In Python2.X, the sub-urllib and urllib2, but in the Python3.X are merged into a unified urllib in. Changes which can be seen by the common table, according to the change quickly write the corresponding version of the python program.

Relatively speaking, Python3.X support for the Chinese friendly than Python2.X, so the next blog to introduce some of the common uses urllib library by Python3.X.

send request

import urllib.request
r = urllib.request.urlopen(<a href="http://www.python.org/" rel="external nofollow">http://www.python.org/</a>)

Urllib.request first import module using the urlopen () sends a request to the URL parameters, returns a http.client.HTTPResponse object.

In the urlopen (), a timeout field, after the appropriate number of times can be set to stop waiting for a response. In addition, it can also be used r.info (), r.getcode (), r.geturl () to obtain the corresponding current environmental information, status code, the current page URL.

Read the contents of the response

import urllib.request
url = "http://www.python.org/"
with urllib.request.urlopen(url) as r:
r.read()

Use r.read () to read the contents of the memory in response, the content page's source code (using the corresponding browser "view source" function to see), and for decoding the returned string corresponding decode () .

URL parameter passed

import urllib.request
import urllib.parse
params = urllib.parse.urlencode({'q': 'urllib', 'check_keywords': 'yes', 'area': 'default'})
url = "https://docs.python.org/3/search.html?{}".format(params)
r = urllib.request.urlopen(url)

A string dictionary by urlencode () encoded data transmitting URL query string,

params encoded as a string, each key-value pairs in the dictionary '&' connection: 'q = urllib & check_keywords = yes & area = default'

URL after the building: https: //docs.python.org/3/search.html q = urllib & check_keywords = yes & area = default?

Of course, the urlopen () constructed directly supported URL, the request simply may not get () is encoded, construct a direct request by manually urlencode. The method described above makes the code modular, more elegant.

Parameters passed Chinese

import urllib.request
searchword = urllib.request.quote(input("请输入要查询的关键字:"))
url = "https://cn.bing.com/images/async?q={}&first=0&mmasync=1".format(searchword)
r = urllib.request.urlopen(url)

The URL is the use of pictures bing interfaces, query keyword q pictures. If the incoming URL directly to the Chinese request, will lead to coding errors. We need to use quote (), URL-encode the Chinese keywords, you can use the corresponding unquote () to decode.

Custom request headers

import urllib.request
url = 'https://docs.python.org/3/library/urllib.request.html'
headers = {
  'User-Agent' : 'Mozilla/5.0 (Windows NT 10.0; Win64; x64) AppleWebKit/537.36 (KHTML, like Gecko) Chrome/61.0.3163.100 Safari/537.36',
  'Referer': 'https://docs.python.org/3/library/urllib.html'
}
req = urllib.request.Request(url, headers=headers)
r = urllib.request.urlopen(req)

Sometimes when crawling some pages, there will be 403 error (Forbidden), which prohibits access. This is because the site server Headers property authenticate visitors, for example: by sending a request urllib library, the default to "Python-urllib / XY" as a User-Agent, where X is the major version number of Python, Y deputy version number. So, we need to build the Request object by urllib.request.Request (), passing a dictionary of the Headers property, analog browser.

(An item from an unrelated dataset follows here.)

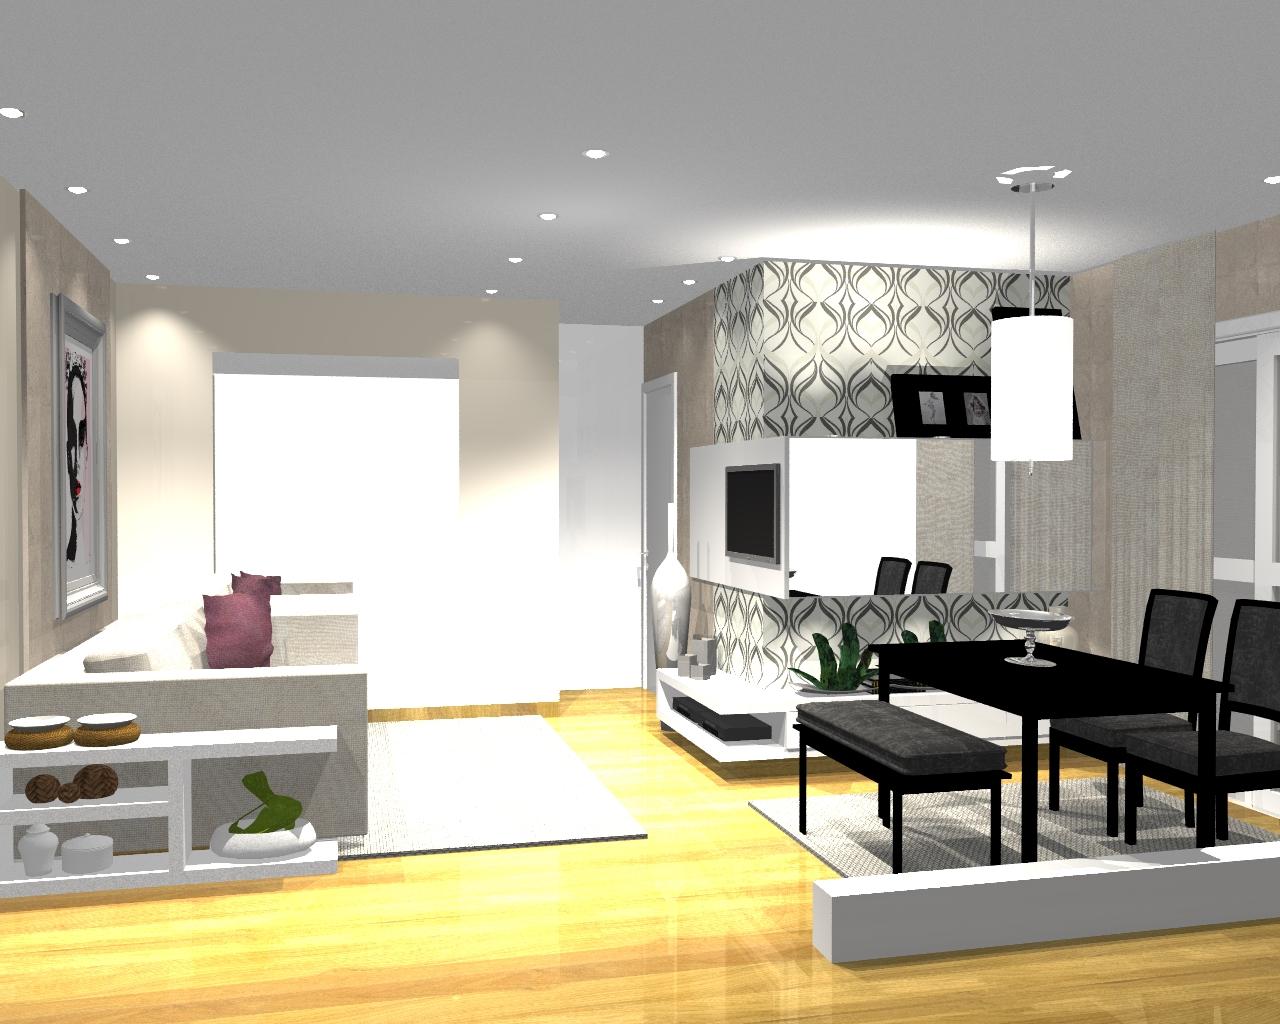 carolina lira design de interiores. Black Bedroom Furniture Sets. Home Design Ideas

Headers appropriate information, developers can debug tool through a browser, "Network" "Check" function tab to view the appropriate page to get or use packet capture analysis software Fiddler, Wireshark.

In addition to the above-described method can also be used urllib.request.build_opener () or req.add_header () custom request header, see the official sample.

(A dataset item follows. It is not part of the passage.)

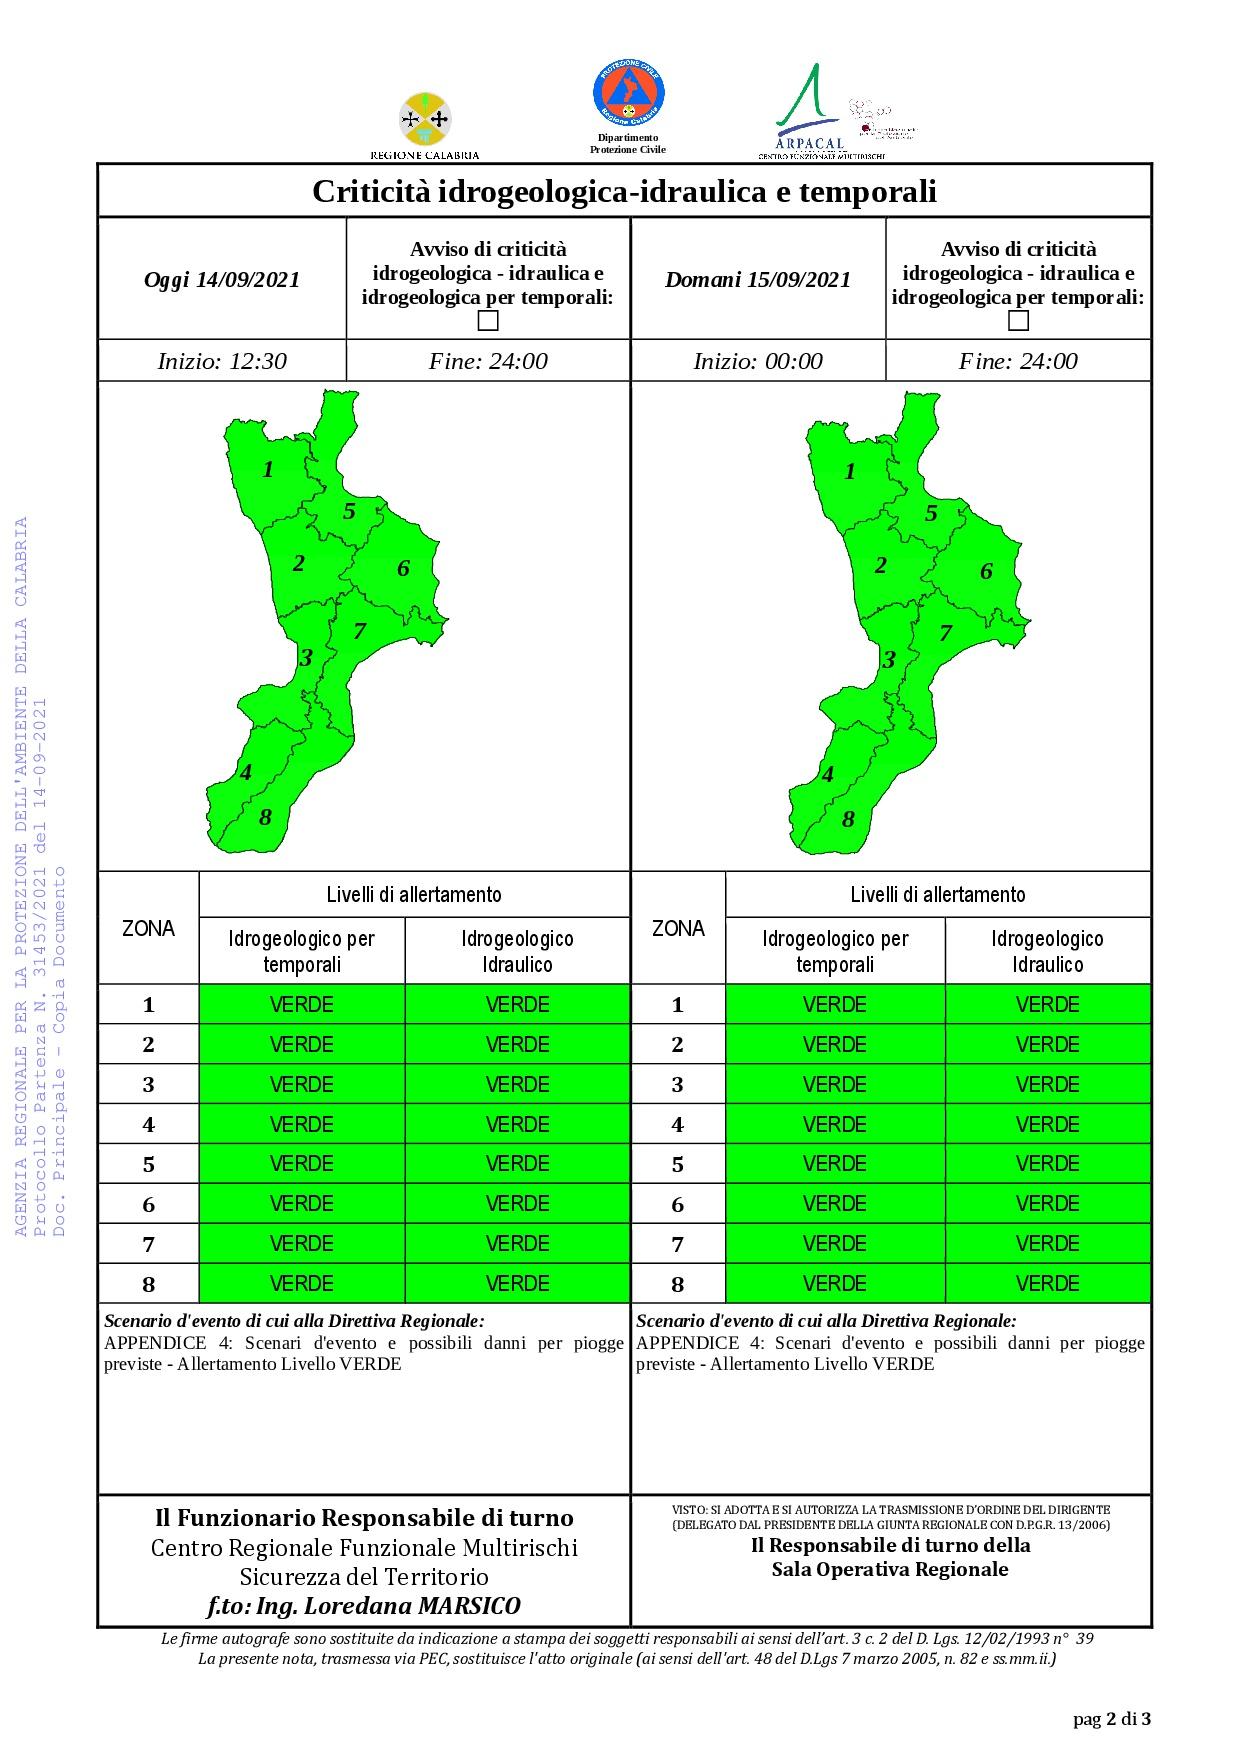 Criticità idrogeologica-idraulica e temporali in Calabria 14-09-2021

In the Python2.X, modules, and the urllib urllib2 modules generally used together because urllib.urlencode () may encode the URL parameters, and urllib2.Request () Request object can be constructed, customization request header, and then use the unified urllib2.urlopen ( )send request.

POST request is transmitted

import urllib.request
import urllib.parse
url = 'https://passport.cnblogs.com/user/signin?'
post = {
  'username': 'xxx',
  'password': 'xxxx'
}
postdata = urllib.parse.urlencode(post).encode('utf-8')
req = urllib.request.Request(url, postdata)
r = urllib.request.urlopen(req)

We conduct registration, login and other operations, will transmit information via POST form.

In this case, we need to analyze the page structure, constructed POST form data, using urlencode () performs encoding processing, returns the string, and then specify the 'utf-8' encoding format, this is only because POSTdata bytes or a file object. Finally postdata transmitted by the Request () object using the urlopen () send the request.

Download remote data locally

import urllib.request
url = "https://www.python.org/static/img/python-logo.png"
urllib.request.urlretrieve(url, "python-logo.png")

Crawling pictures, video and other remote data, use urlretrieve () downloaded to the local.

The first parameter is downloaded to url, the second parameter is a stored path after downloading.

The sample download python official website logo to the current directory and returns a tuple (filename, headers).

Set the proxy IP

import urllib.request
url = "https://www.cnblogs.com/"
proxy_ip = "180.106.16.132:8118"
proxy = urllib.request.ProxyHandler({'http': proxy_ip})
opener = urllib.request.build_opener(proxy, urllib.request.HTTPHandler)
urllib.request.install_opener(opener)
r = urllib.request.urlopen(url)

Sometimes frequent crawling a web page, the site will be blocked IP server. In this case, the proxy IP may be provided by the above method.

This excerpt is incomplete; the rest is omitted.